Question

A pump is required to lift 800kg of water per minute from a 10 m deep well and eject it with speed of \[20\,m{s^{ - 1}}\]. The required power in watts of the pump will be
A. 6000
B. 4000
C. 5000
D. 8000

Answer 1

Hint: We need to find the energy required or the work done to lift 800kg of water to a height of 10m and throw it with a speed of \[20m{s^{ - 1}}\] to find the power of the pump. The work done in moving a particle under the conservative force is given by change in mechanical energy.

Formula used:
The work done in a system is given by the change in mechanical energy of the system,
\[W = (\dfrac{1}{2}m{v_f}^2 - \dfrac{1}{2}m{v_i}^2) + (mg{h_f} - mg{h_i})\]
where, $m$ is the mass of the body, \[{v_f}\], \[{v_i}\] are final and initial velocities respectively and \[{h_f}\],\[{h_i}\] are the final and initial height of the body.

Complete step by step answer:
The pump is required to lift 800kg of water per minute from a 10 m deep well and eject it with speed of \[20\,m{s^{ - 1}}\]. Now, we know that the work done on moving a body under conservative force is given by the change in mechanical energy. So, here the change in mechanical energy is equal to the sum of change in kinetic energy and change in potential energy.

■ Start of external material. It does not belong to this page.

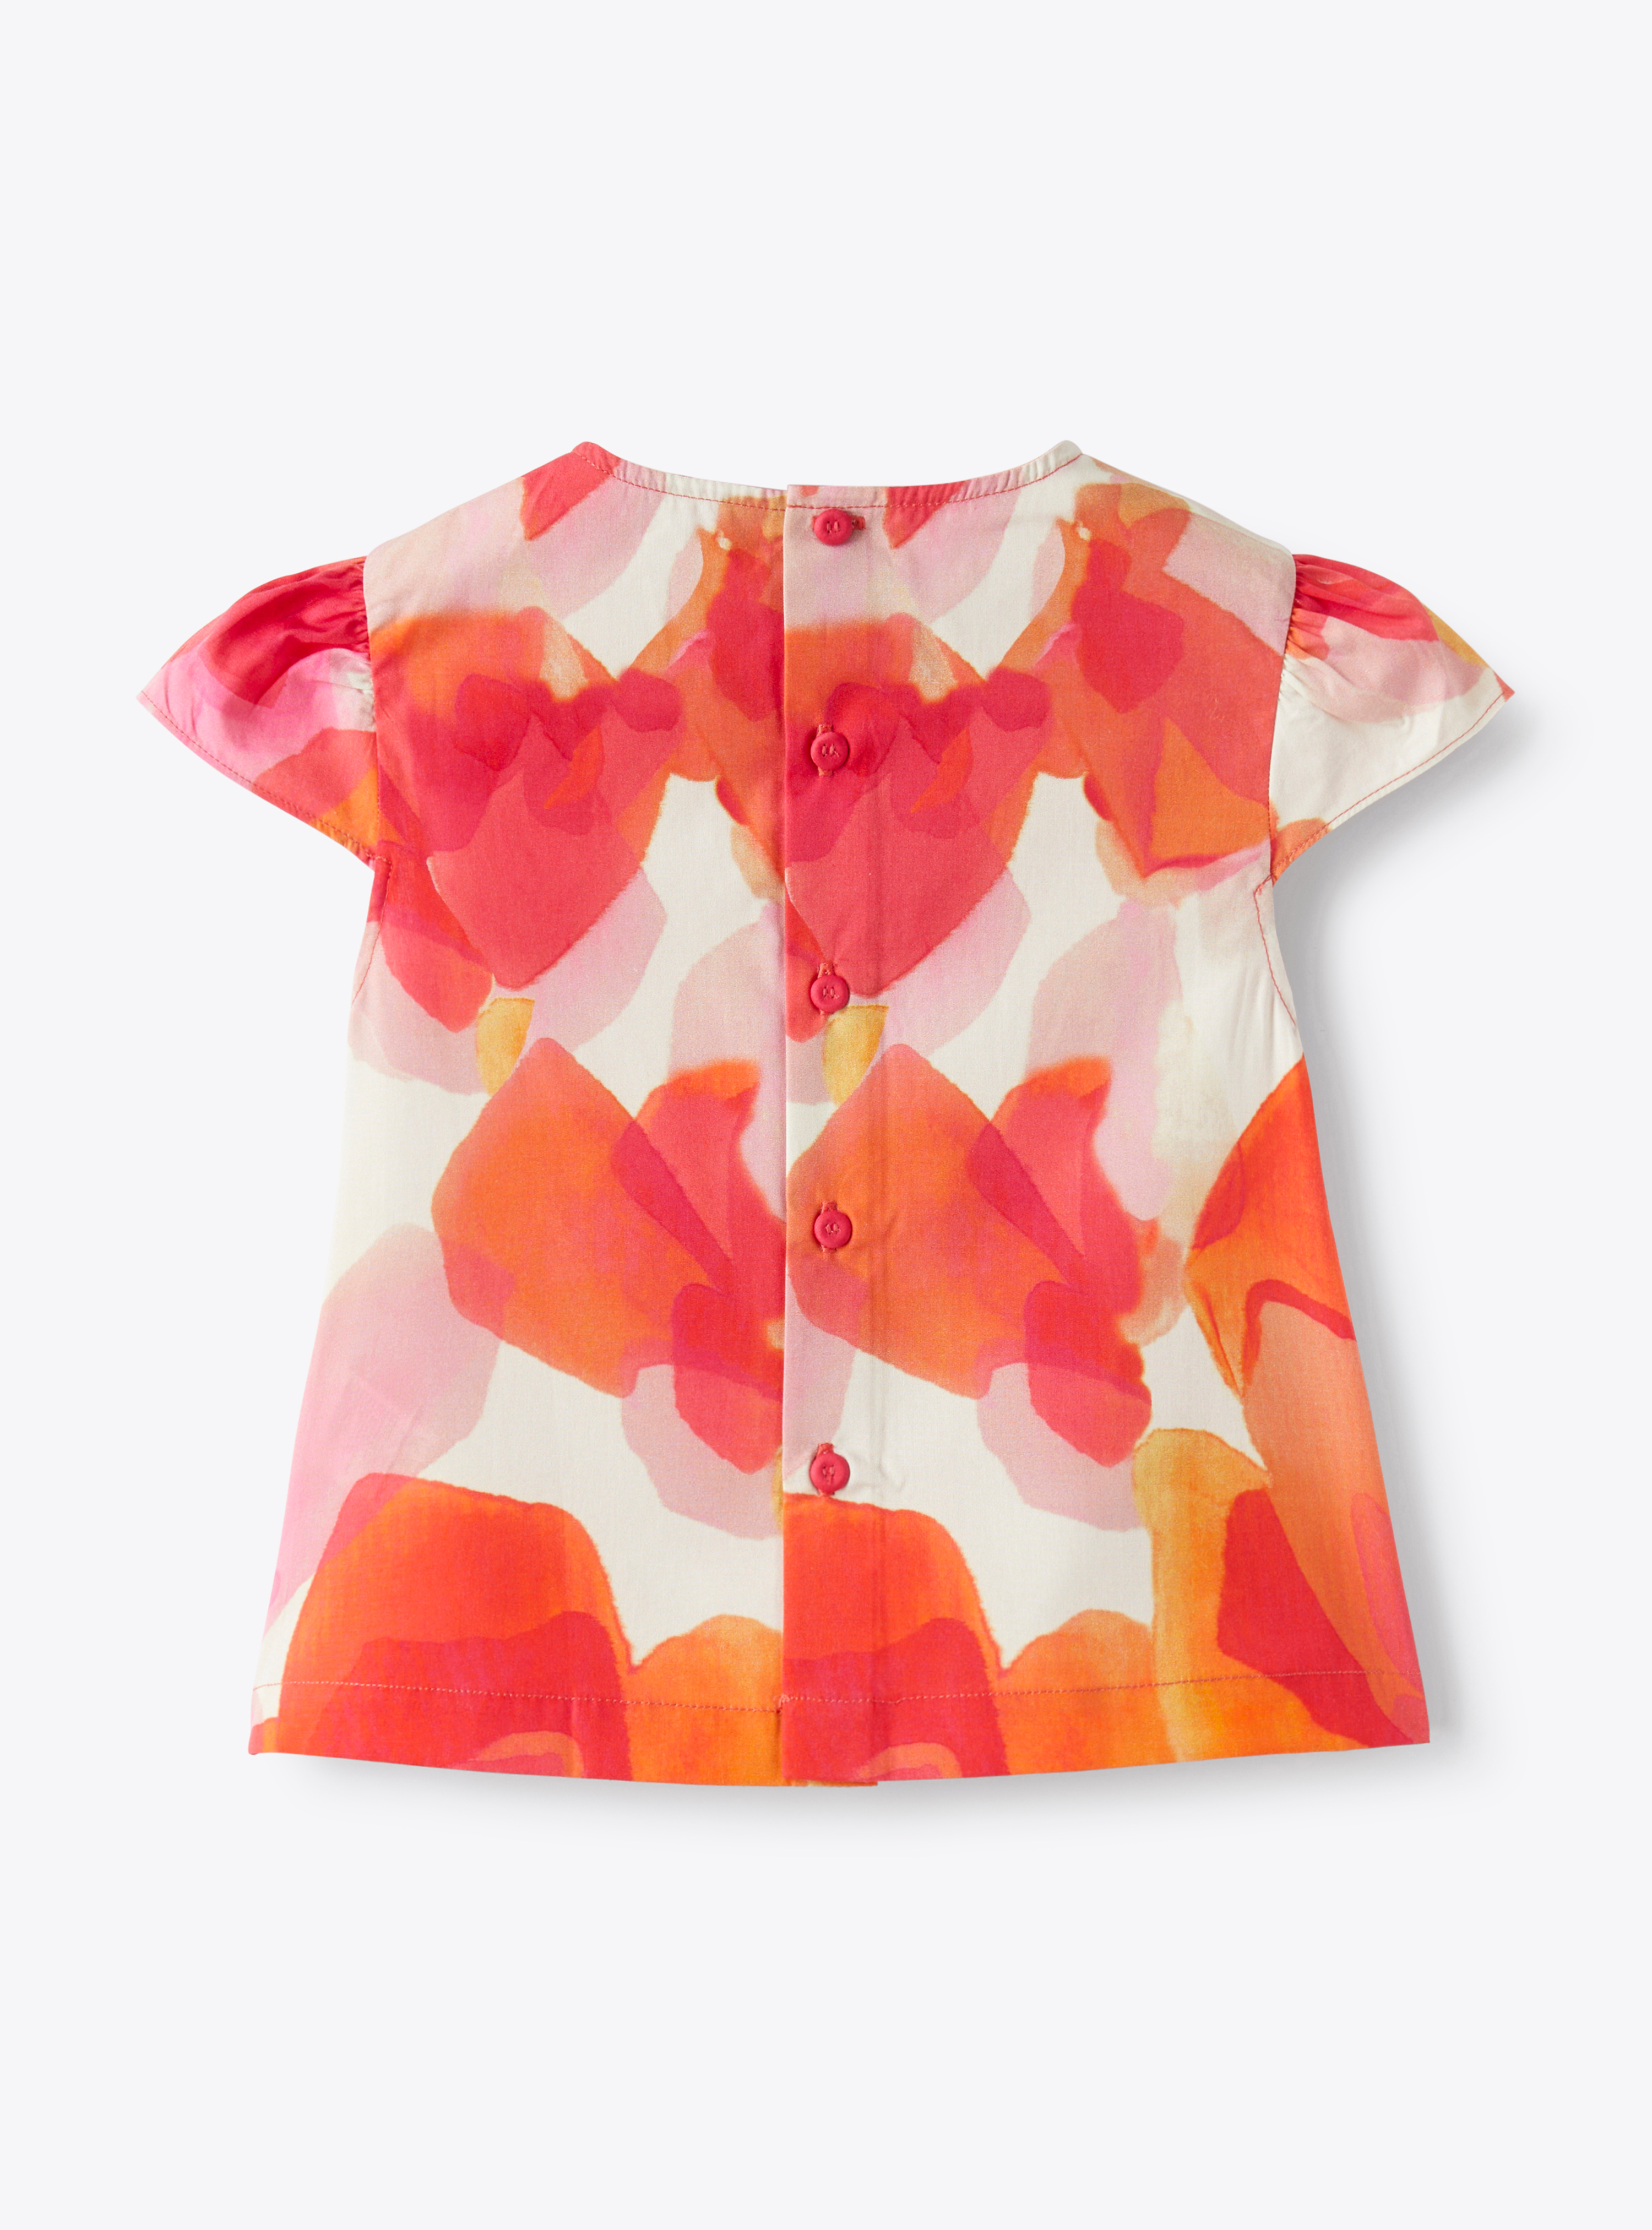 Хлопковая рубашка с эксклюзивным цветочным принтом - фуксия | Il Gufo

So, to move 800kg of water, the change in potential energy is equal to \[mgh\].
\[\text{Potential energy} = 800 \times 10 \times 10 = 80000\,J\].
To throw the water with a speed of \[20\,m{s^{ - 1}}\] the change in kinetic energy is equal to,
\[\text{kinetic energy} = \dfrac{1}{2}m{v^2}\]. (Since, the initial speed is zero.)
\[\Rightarrow \text{kinetic energy} = \dfrac{1}{2}800 \times {20^2}J\]
\[\Rightarrow \text{kinetic energy} = 400 \times 400J\]
\[\Rightarrow \text{kinetic energy} = 160000\,J\]

Therefore total energy required per minute by the pump is equal to,
\[\text{Total energy}= 160000 + 80000\,J\]
\[\Rightarrow \text{Total energy} = 240000\,J\]
So, this amount of energy is required per minute to eject water.
So, Power (P) of the pump must be,
\[P = \dfrac{{240000J}}{{1\min }}\]
\[\Rightarrow P =\dfrac{{240000J}}{{60s}}\]
\[\Rightarrow P = 4000\,J\,{s^{ - 1}}\]
\[\therefore P = 4000\,Watt\]
Hence, the required power of the pump must be, \[4000\,Watt\].

Hence, option B is the correct answer.

Note: When calculating the change in kinetic energy, note that the initial speed of the water is zero. So, change in kinetic energy is only the kinetic energy of water finally. Also, when calculating the power remember that the ejection rate is given in per minute so we have to convert it in per second to get the power in per second.